_GOAL OF THE EXERCISE_
Leaving out the images, repeat all the lines below exactly.

_DATASET EXCERPT_

○ ○ ○

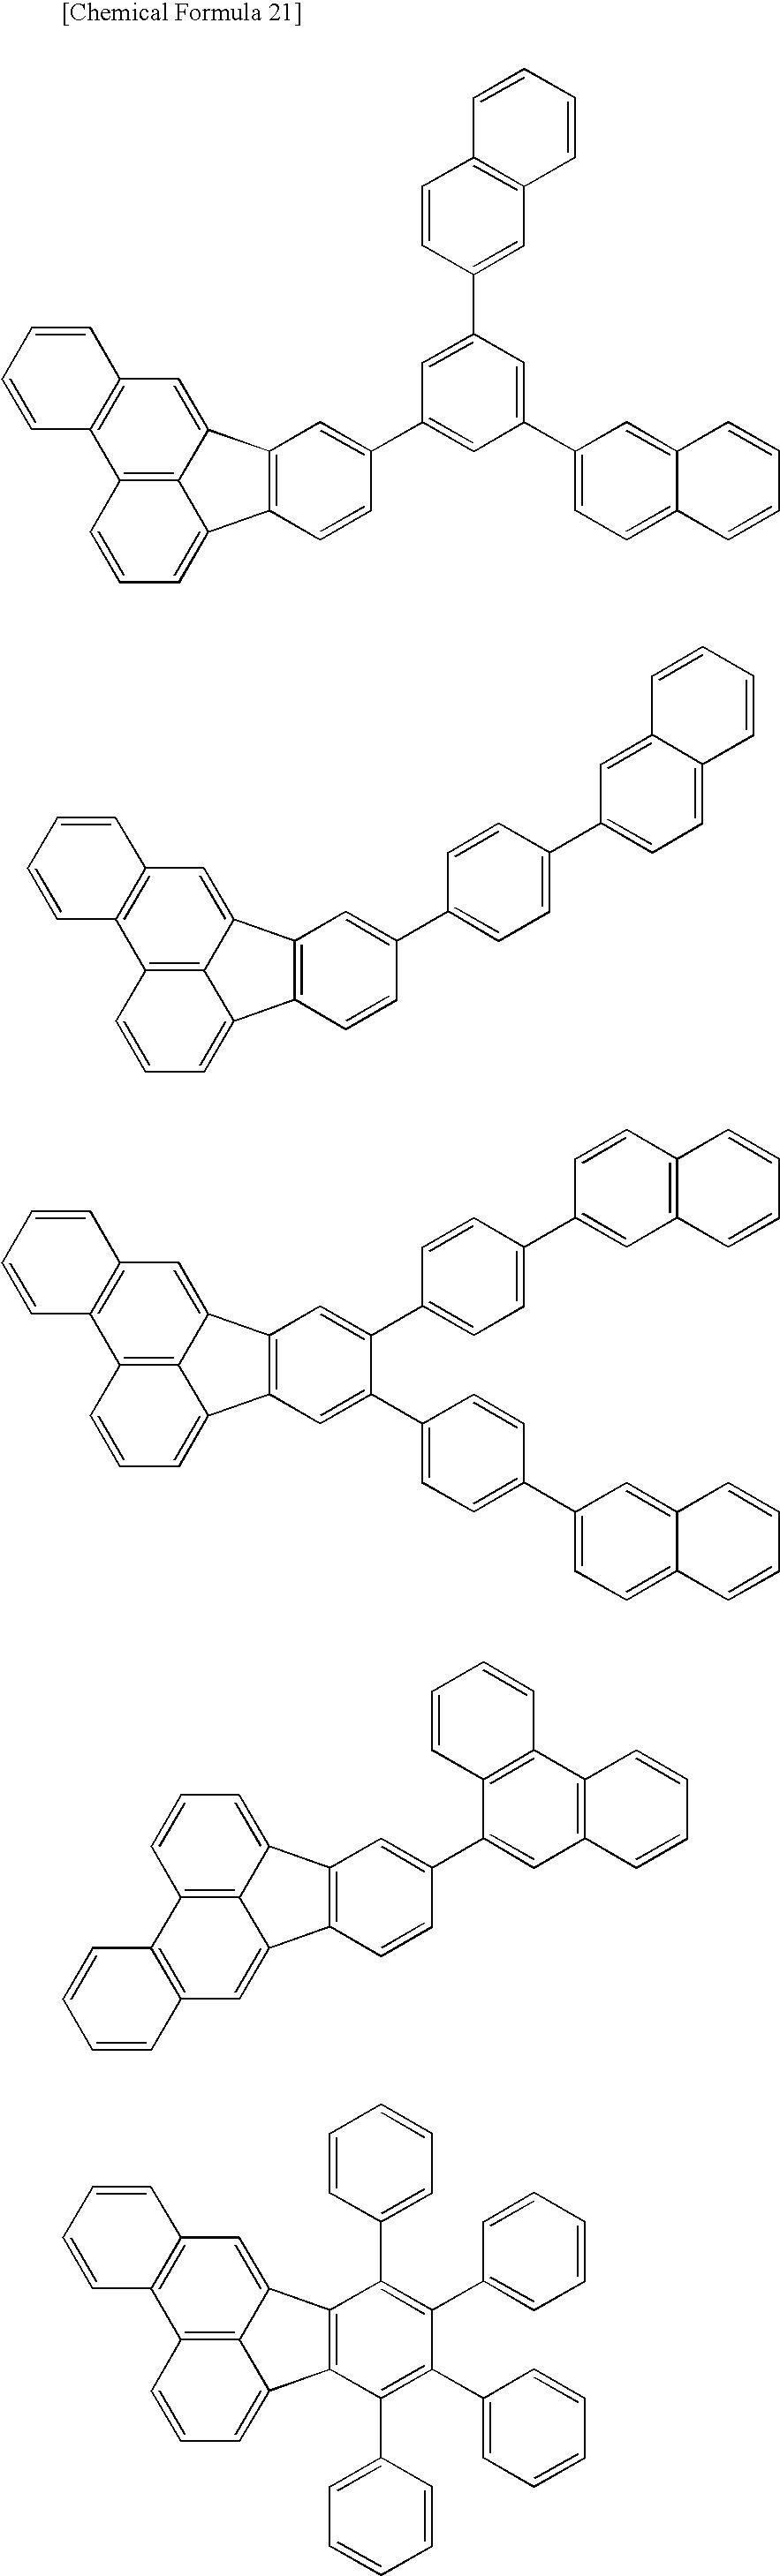 Figure US20100171109A1-20100708-C00033
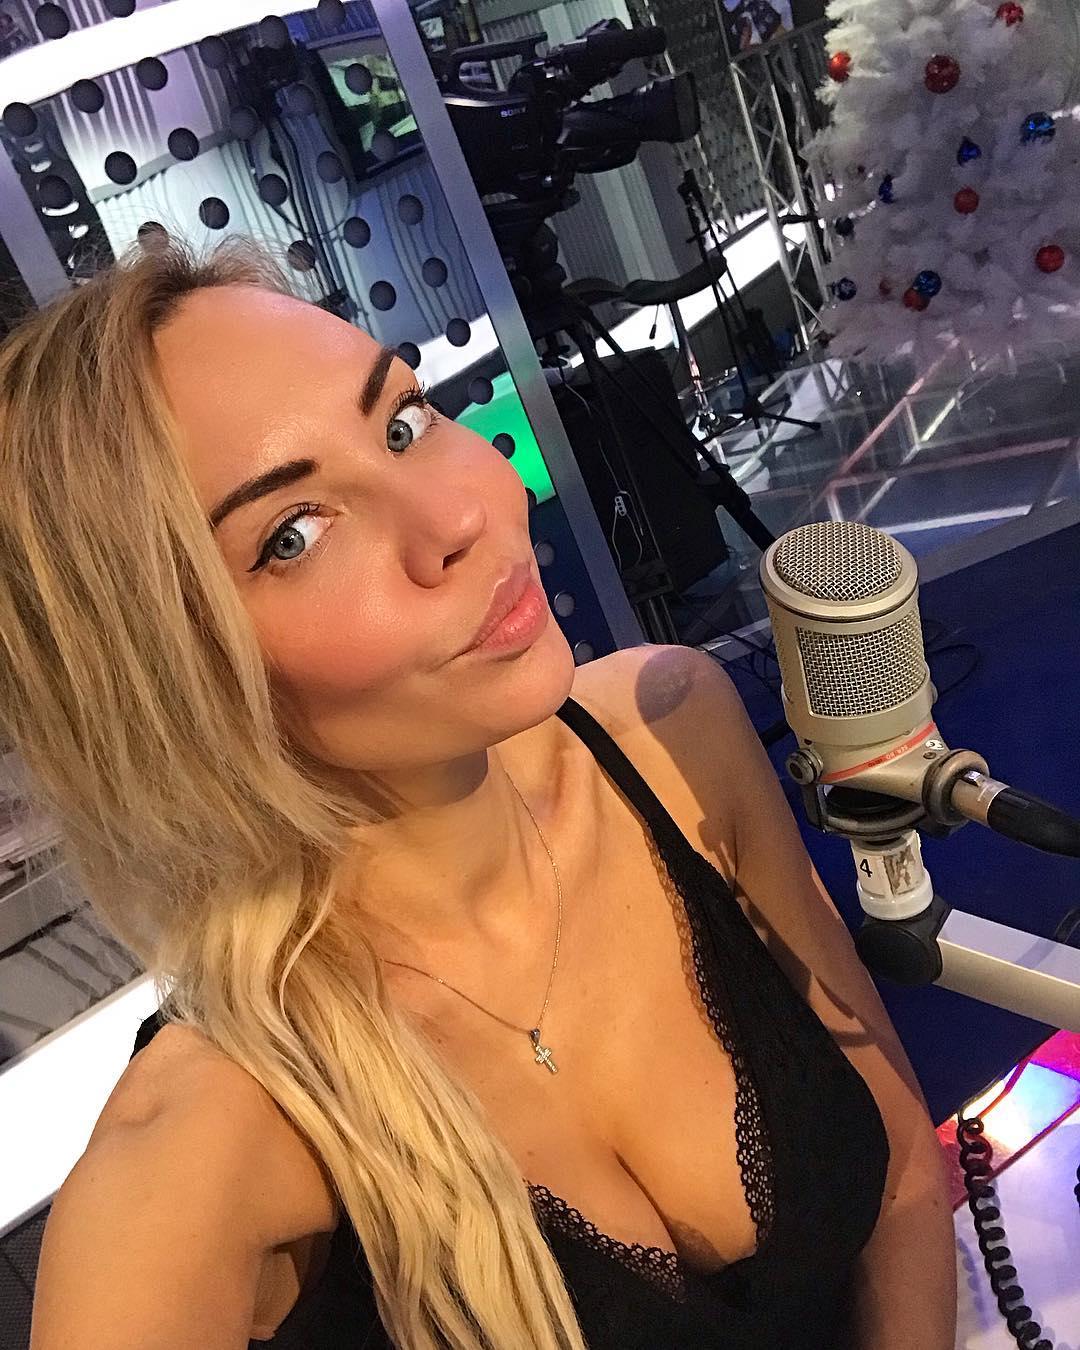 Елена Абитаева: Началась веселая эфирная страда  #onair
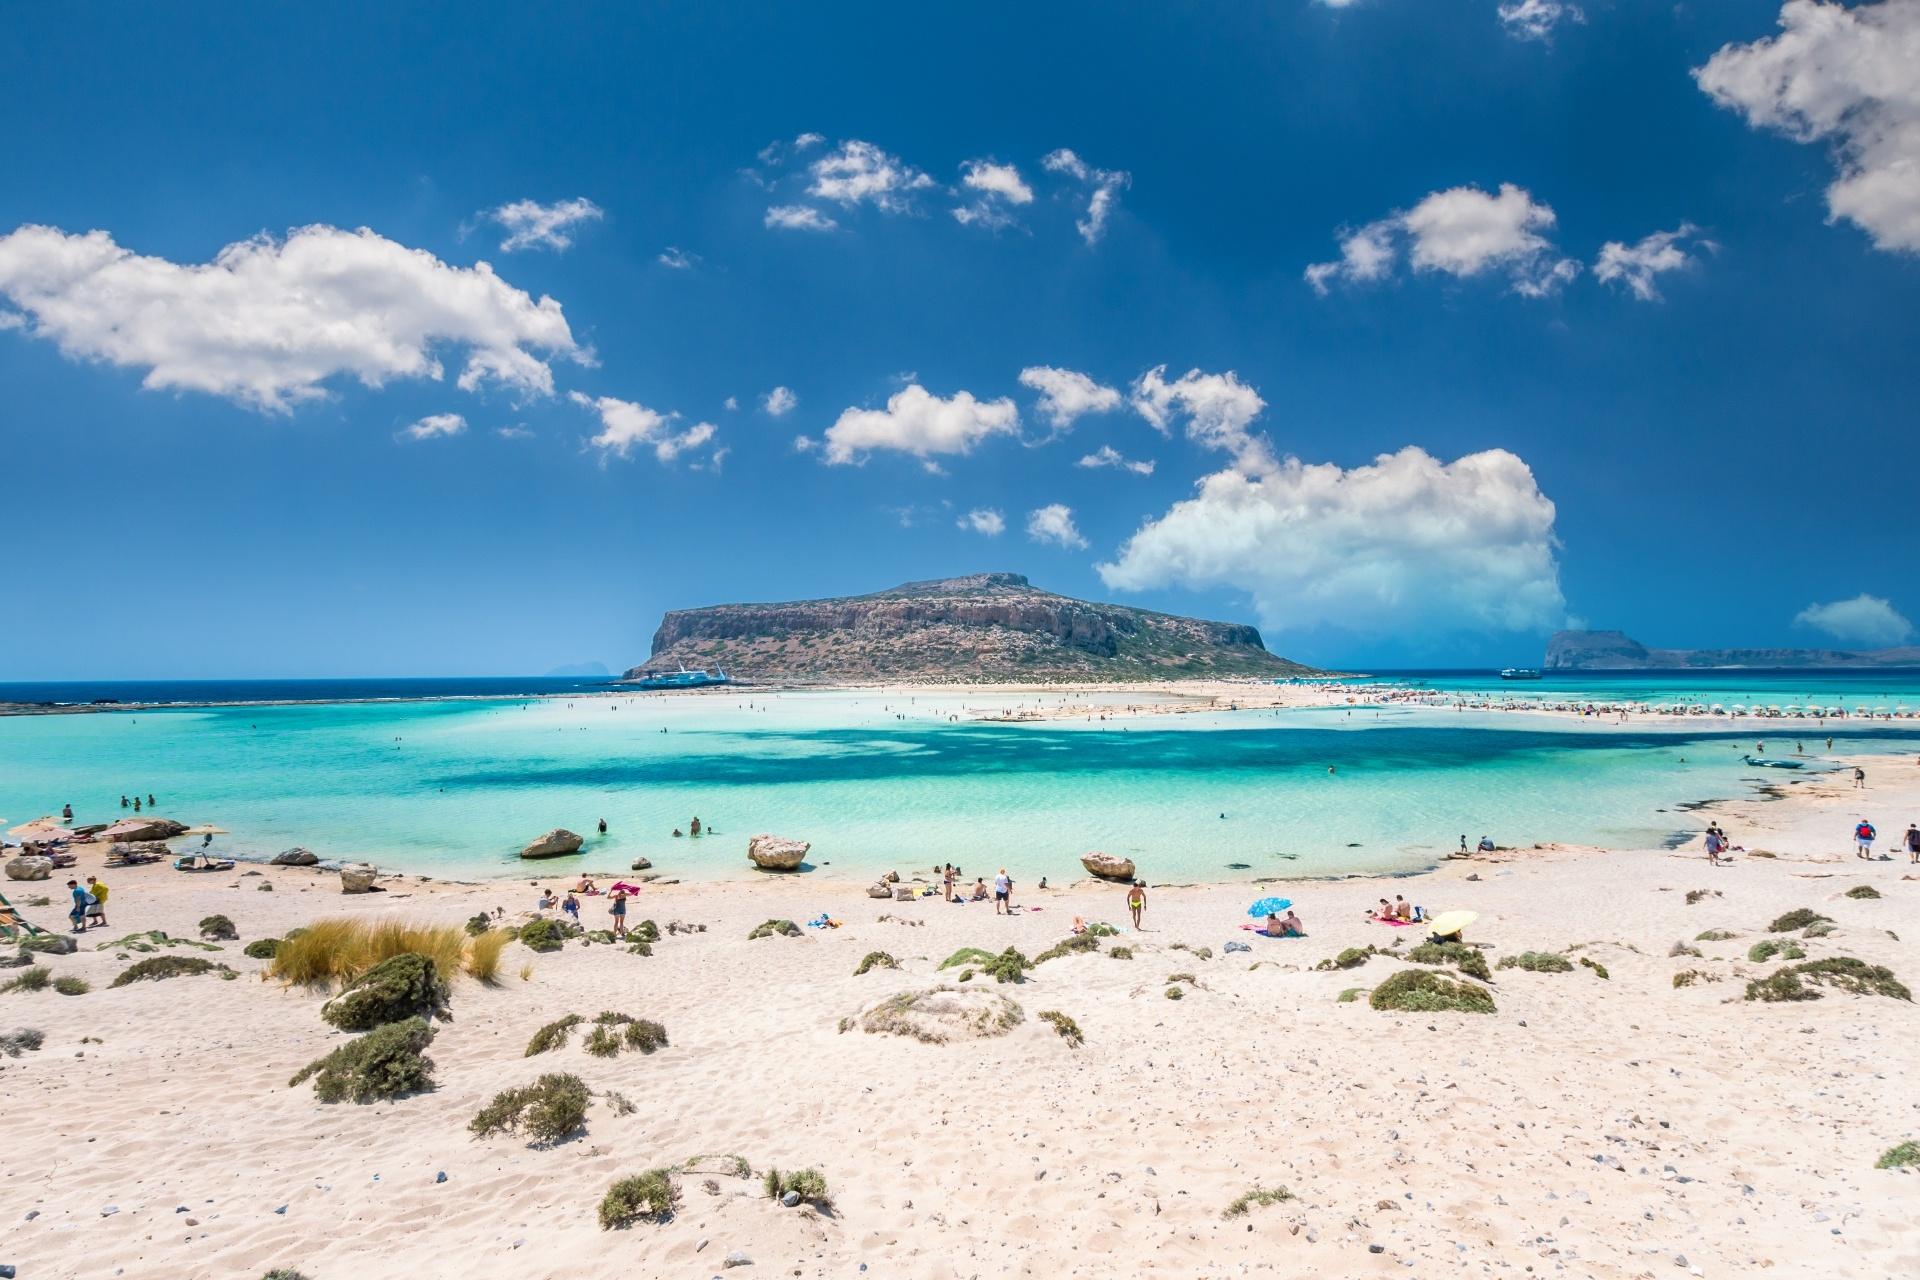 クレタ島の風景 ギリシャの風景

○ ○ ○

_RESULT OF THE TASK_
 Figure US20100171109A1-20100708-C00033
 Елена Абитаева: Началась веселая эфирная страда  #onair
 クレタ島の風景 ギリシャの風景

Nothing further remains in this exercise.